The functions of the jahābeḏa were concerned with the administration, remittance, and supply of funds. Prominent officials all had their own jahbadò, with whom they deposited funds for safe-keeping and administration. By the 4th/10th century it was customary to pay debts by letters of credit (softaja) as well as in cash. Their use in private commercial transactions and in the financial administration of the state—particularly with regard to the remission of taxes from the provinces—greatly facilitated the mercantile relations and governmental business of the ʿAbbasid empire (for two documents on the responsibility of a jahbadò for the payment to the government of ḵarāj on behalf of taxpayers, see Qomī, pp. 149-55; for tr. of these documents, see Lambton, Landlord and Peasant, 1991, pp. 42-45).

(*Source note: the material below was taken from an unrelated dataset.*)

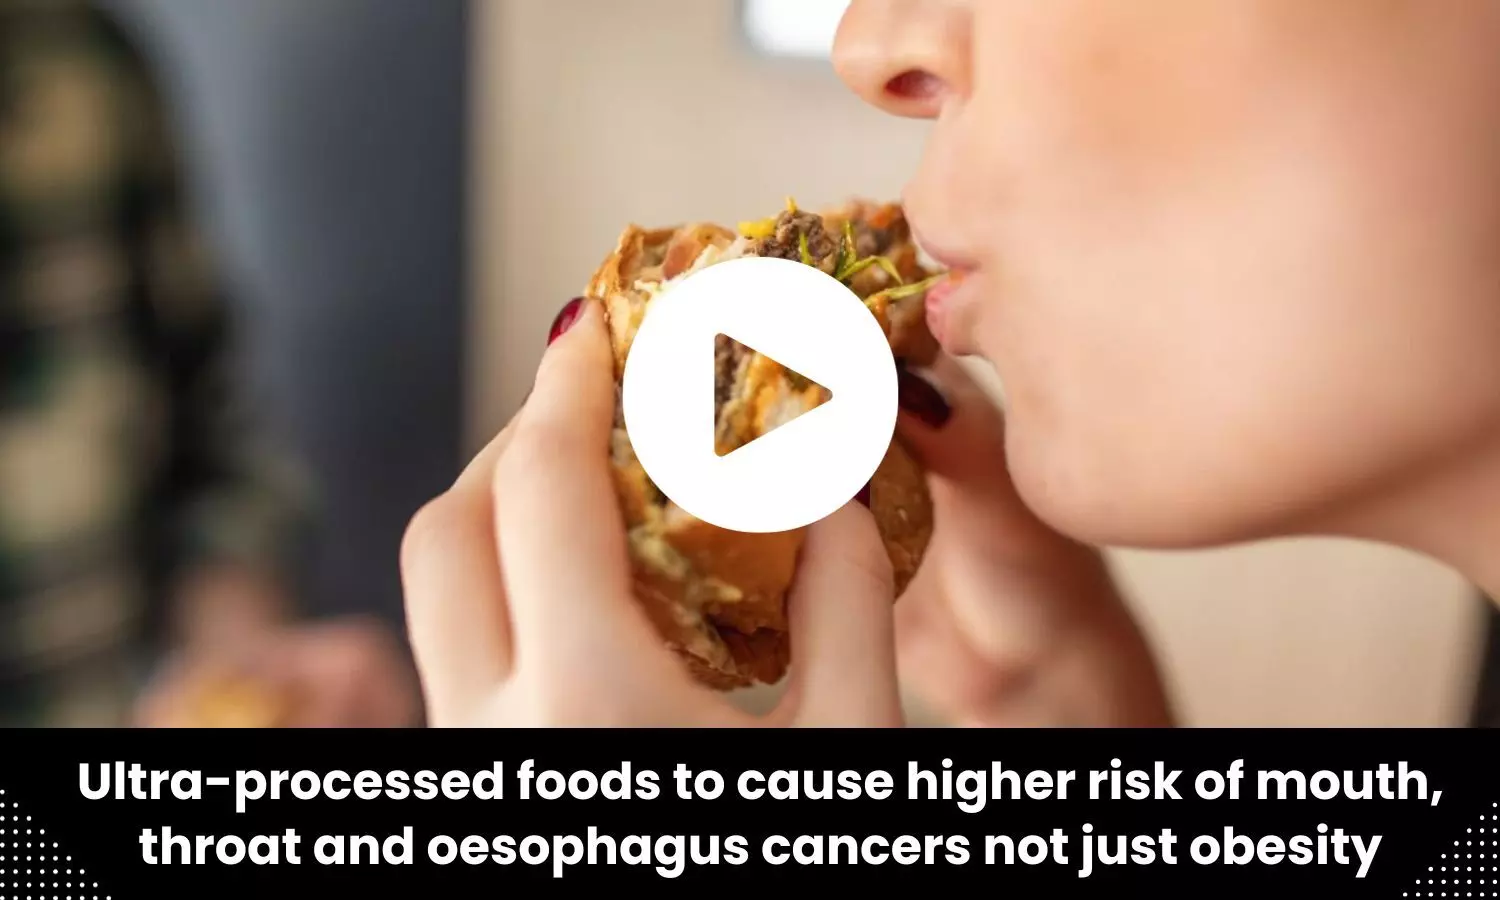 Ultra-processed foods to cause higher risk of mouth, throat and oesophagus cancers not just obesity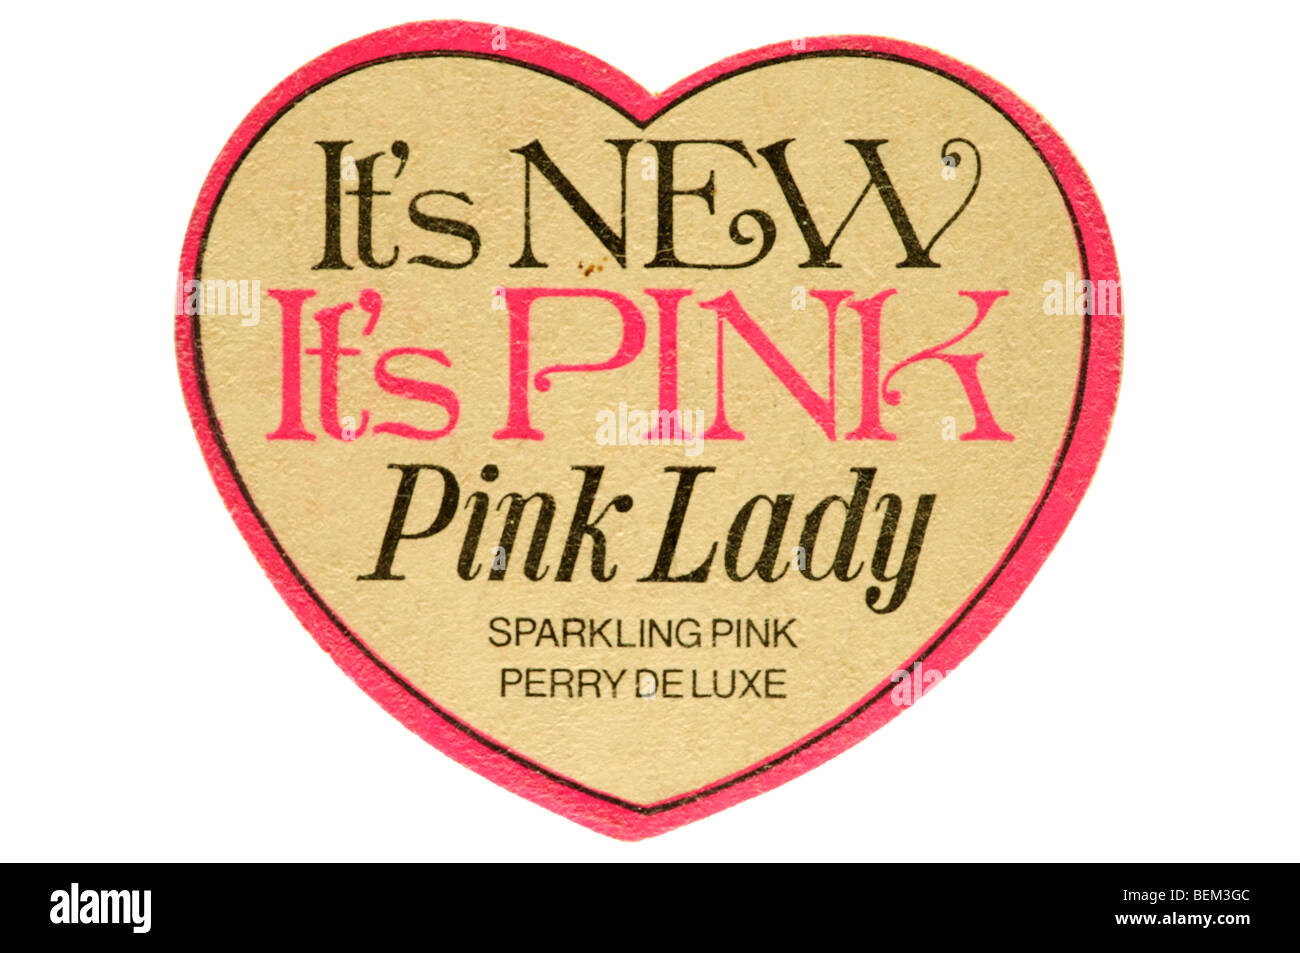 its new its pink pink lady sparkling pink perry deluxe Stock Photo

Gradually, the legal framework within which economic life according to the ethical norms of Islam could be carried on was formulated, but as with the fiscal system (Cahen “Kharādj”), the centralizing efforts of the ʿAbbasids and the conceptualization of the jurists (foqahāʾ) never entirely removed or absorbed local variations. A substantial body of water law, based on custom, was incorporated into Islamic law. According to the Sunni jurists, the water of the great rivers belonged to the Muslims in common, but according to the Shiʿite jurists, it belonged to the Imam. It might be used by anyone for irrigation and power, provided its use in this way did not harm the community; and anyone could divert water from the great rivers by means of a canal unless such diversion was prejudicial to interests already acquired. Most jurists permitted the transmission of water rights and water sources so far as they were private property. They also permitted their constitution into waqf if they were on private property. According to the Sunnijurists, the upkeep of the great rivers was vested in the head of the community, the imam. Cleaning and dredging and the repair of their banks was carried out by him and paid for by the public treasury. If, however, no funds were available for such work, he could compel the Muslims to give their services for the purpose. The cleaning and repair of canals leading water from the great rivers to individual villages was the responsibility of the owners of the adjoining land. If they refused to carry out the necessary work, they could be compelled to undertake it, since neglect of their duty might result in injury to the community and might diminish the supply (Abū Yūsof, tr. Fagnan, pp. 144, 148). In the provinces responsibility for the control of the water of the great rivers was in practice delegated to the provincial governors; with the rise of semi-independent dynasties, this responsibility passed to those who held power locally, by whom water dues might be levied. There was no uniform system.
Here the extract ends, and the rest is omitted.